Abstract

In contrast to the water-poor planets of the inner Solar System, stochasticity during planetary formation1,2 and order-of-magnitude deviations in exoplanet volatile contents3 suggest that rocky worlds engulfed in thick volatile ice layers4,5 are the dominant family of terrestrial analogues6,7 among the extrasolar planet population. However, the distribution of compositionally Earth-like planets remains insufficiently constrained3, and it is not clear whether the Solar System is a statistical outlier or can be explained by more general planetary formation processes. Here we use numerical models of planet formation, evolution and interior structure to show that a planet’s bulk water fraction and radius are anti-correlated with initial 26Al levels in the planetesimal-based accretion framework.

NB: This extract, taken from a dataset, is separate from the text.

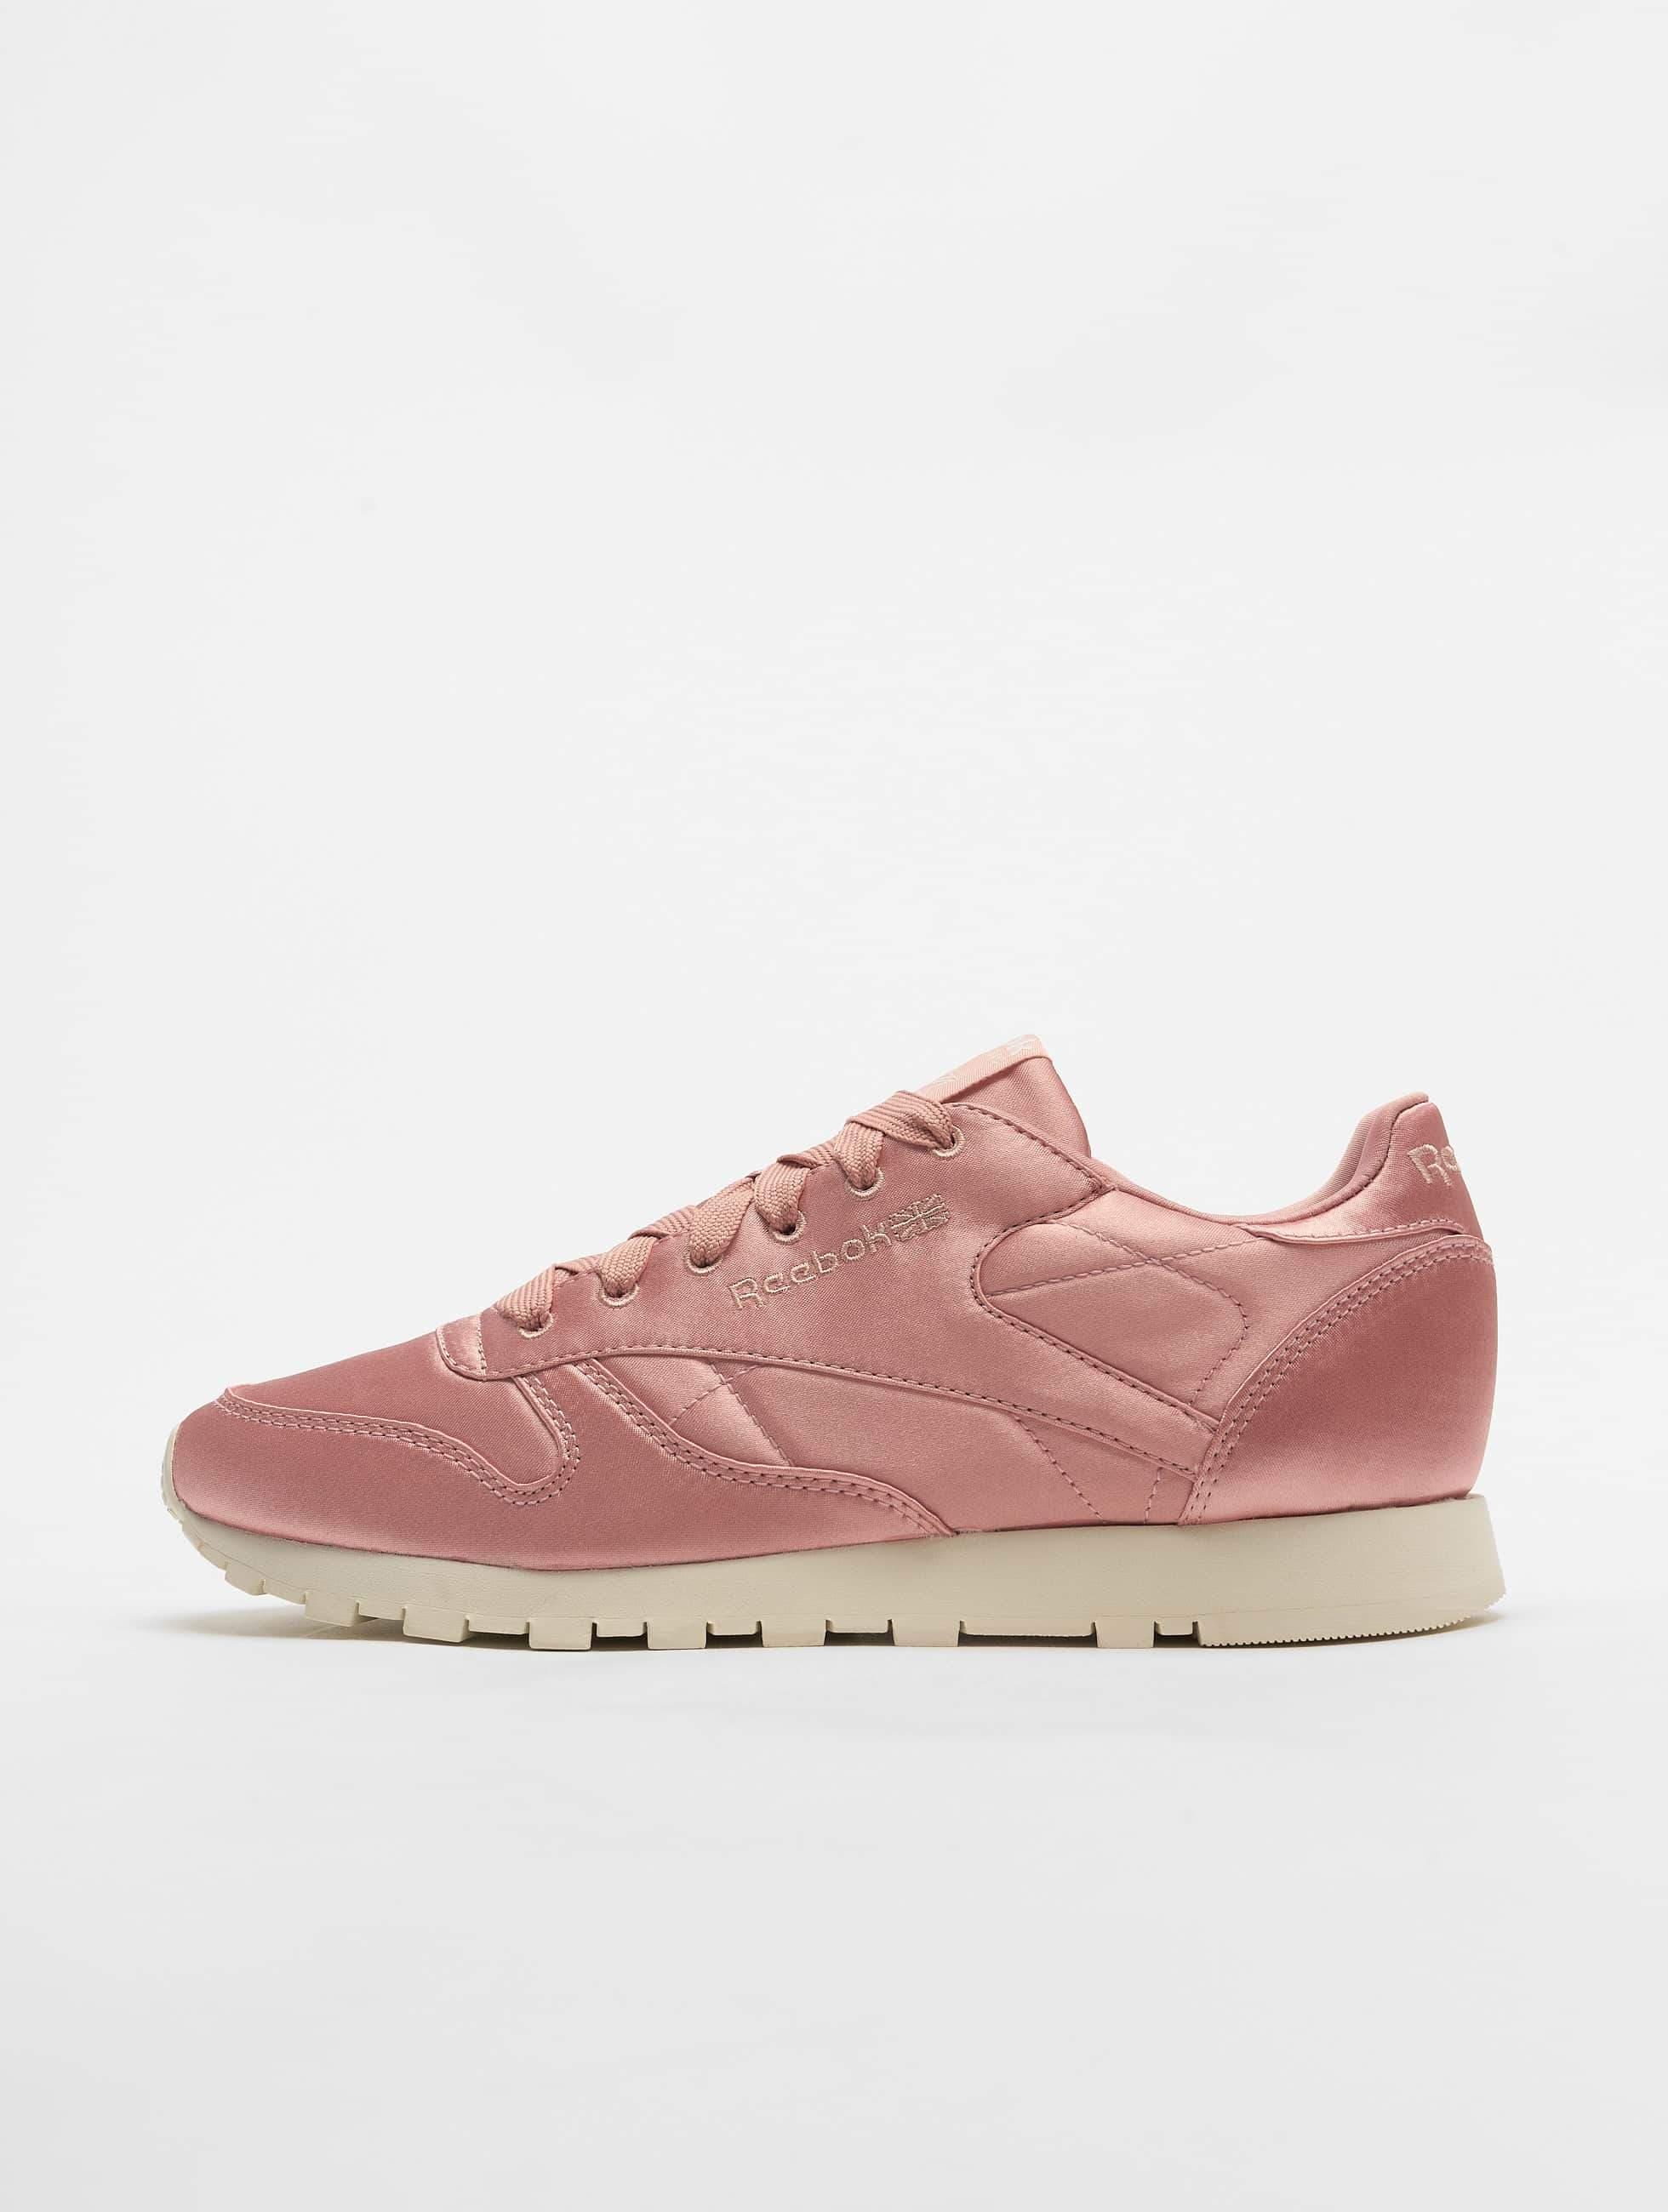 Reebok Classic Leather Satin Sneakers Chalk PinkClassic White

The heat generated by this short-lived radionuclide rapidly dehydrates planetesimals8 before their accretion onto larger protoplanets and yields a system-wide correlation9,10 of planetary bulk water abundances, which, for instance, can explain the lack of a clear orbital trend in the water budgets of the TRAPPIST-1 planets11. Qualitatively, our models suggest two main scenarios for the formation of planetary systems: high-26Al systems, like our Solar System, form small, water-depleted planets, whereas those devoid of 26Al predominantly form ocean worlds. For planets of similar mass, the mean planetary transit radii of the ocean planet population can be up to about 10% larger than for planets from the 26Al-rich formation scenario.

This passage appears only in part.